Let’s go down to the river to pray … you could really benefit from this!
After the January Taizé prayer service at Saint Mary-of-the-Woods, we learned that one of the participants made the following report to members of a committee on which he serves: “You all should go to the next one. You could really benefit from this.”
These monthly services in the Church of the Immaculate Conception were created as one of the contributions of the Sisters of Providence to Terre Haute’s celebration of the Year of the River. The Providence Center team that created the Taizé services has chosen a “water” theme for each month. January’s focus was the lack of potable water in the world; the February service (Feb. 19, 7-8 p.m.) will center on thirst and our insatiable thirst for bottled water.
So back to our friend who prayed with us in January. I want to ask him and maybe you who are reading this as well: What is the benefit of praying about water or lack thereof? Will this bring more water to those most in need? Will this stop you or me from wasting water or consuming more water than we really need? Will I lessen the frequency with which I wash my clothes? Will I remember to turn off the water faucet when I brush my teeth?
If I go to the February prayer service and learn that the oil needed to make the plastic for all the bottles of water sold in the U.S. is equivalent to the fuel needed to keep one million vehicles on the road for 12 months, will I stop buying bottled water?
And what does all of this really have to do with the Year of the River anyway?
Do you know the Spiritual, “Down to the River to Pray?”
Each verse enjoins another group — brothers, sisters, mothers, fathers — to go down to the river to pray.

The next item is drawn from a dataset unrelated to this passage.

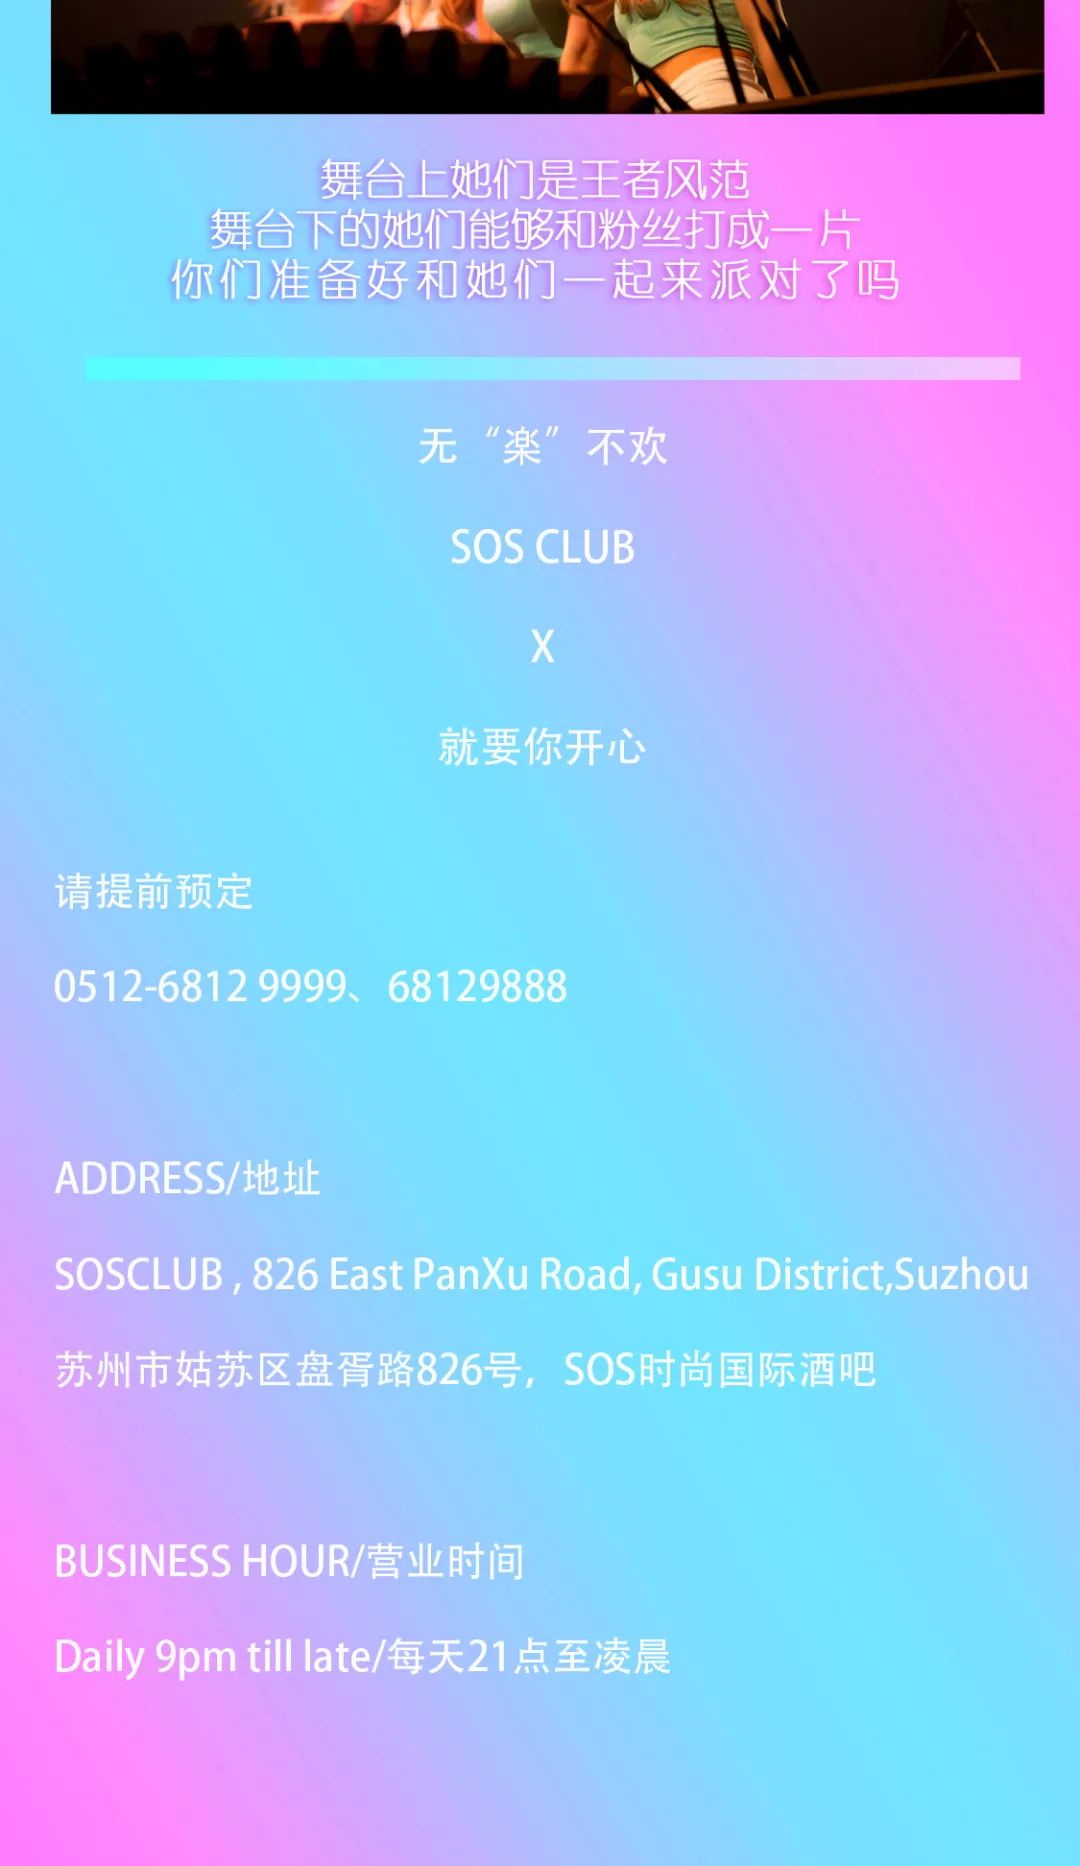 SOSCLUB | 07/30高颜值唱跳BOUCE女团“5G” 轰炸夏日狂欢夜-苏州风暴酒吧/SOS Club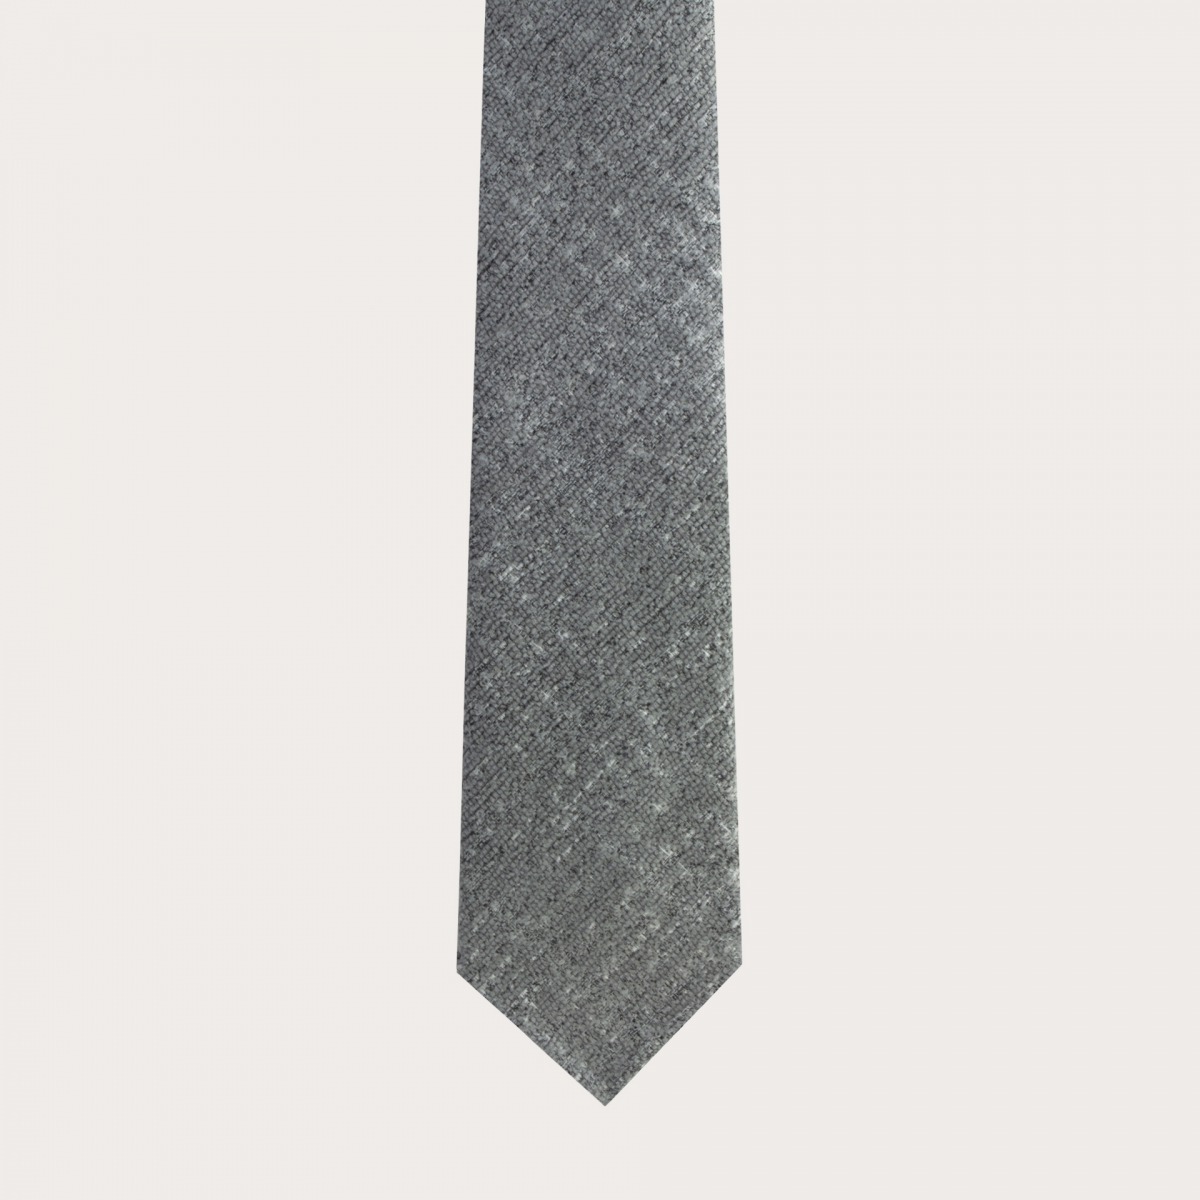 Ungefütterte Krawatte tartanmuster grau

Why? ….to ask our good and Provident God to “show me (us) the way.”
Benefits of prayer
I believe that is the benefit of an experience like the Taizé Prayer, of any prayer really. Sometimes I need to be shown again (and again) the way to live that will enable others to live more fully. As expressed in one of the readings used for the January service: “But the scales are falling from our eyes and we see what we must do. We must change how we think about ourselves and we must act on that new knowledge.”
It is a wonderful benefit to gather with other seekers on this journey, to go across the river to Saint Mary-of-the-Woods, to gather amidst the candlelight and music that is the Taizé prayer and to ask our God to:
Guide us to our truest selves, co-creators with you of this environment. Persuade us to be worthy inheritors of the astonishing evolving reality in which we live: appreciators of the daytime in all its colors and aromas, admirers of the heavens at night, reverent caretakers of our generous green earth, respectful of everything alive — especially of our fellow humans in all their bewildering diversity. May it be so.